Allegory of Painting (Primary Title)
Pittura (Painting) (Former Title)

Pompeo Battoni, Italian, 1708 - 1787 (Artist)

1772
Italian
Oil on canvas
Unframed: 30 x 23 3/4 in. Framed: 37 x 32 x 3 in.
L2020.6.1
In this allegory of painting, Batoni simultaneously emphasized the medium’s capacity to imitate life and the artist’s tendency to create idealized forms of beauty. The small theatrical mask that hangs from the gold chain around Pittura’s bust alludes to the comparable intentions of actors and painters to mimic nature, while her gold tiara, pearls, and jewels equate material riches with the popular notion of painting’s superiority to all other artistic mediums. Many of her features embody the culturally determined standards of beauty that Batoni inherited from the Roman art of the High Renaissance period.

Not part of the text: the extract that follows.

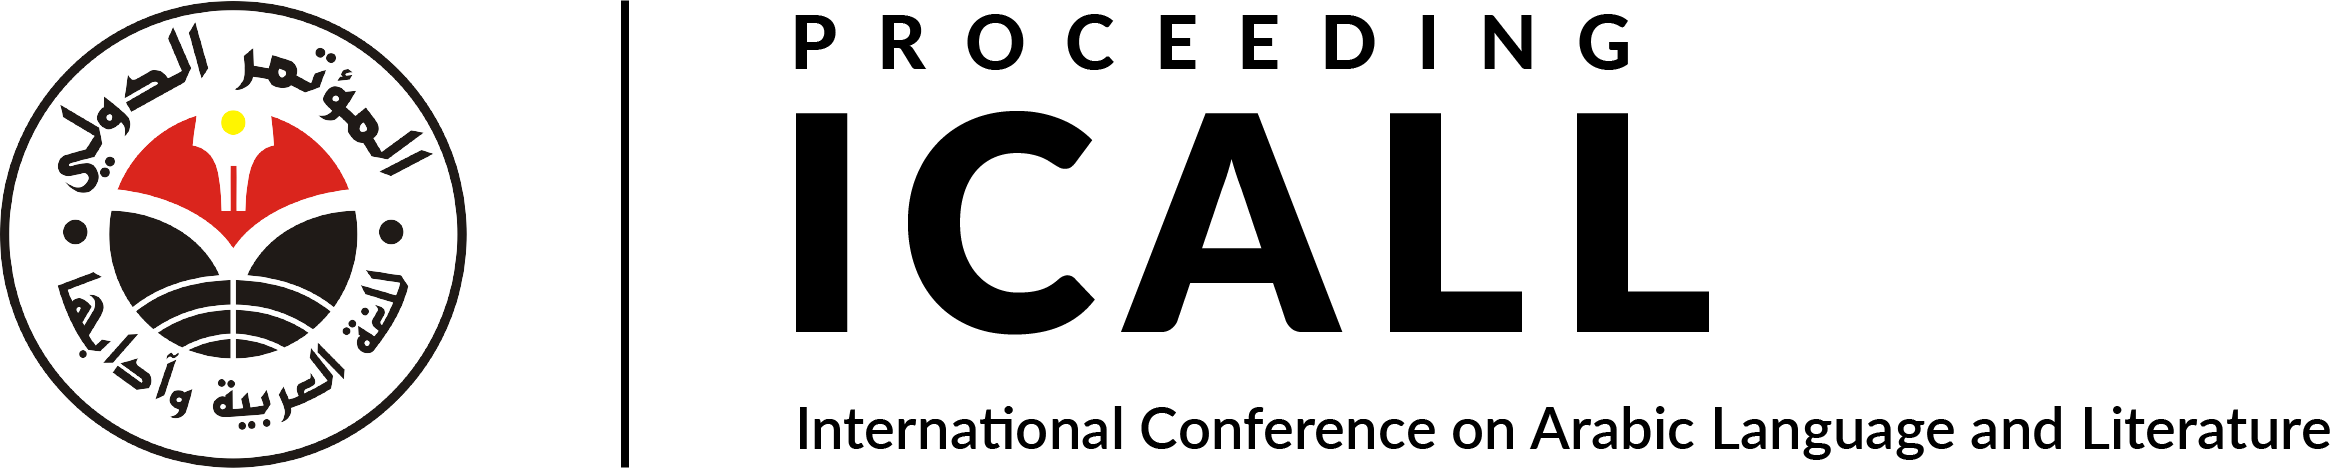 OJS_logo

The half-length format of the composition was typical of his portraiture, and it is possible this painting is a portrait historié (an actual person portrayed as a mythological or historical figure) of a sitter whose identity is unknown today. Yet, considering that Batoni painted other allegories of the various arts, it is perhaps more likely that these works mark his return to history painting in the final part of his life, after a long and successful career as one of the most sought-after portraitists in 18th-century Europe.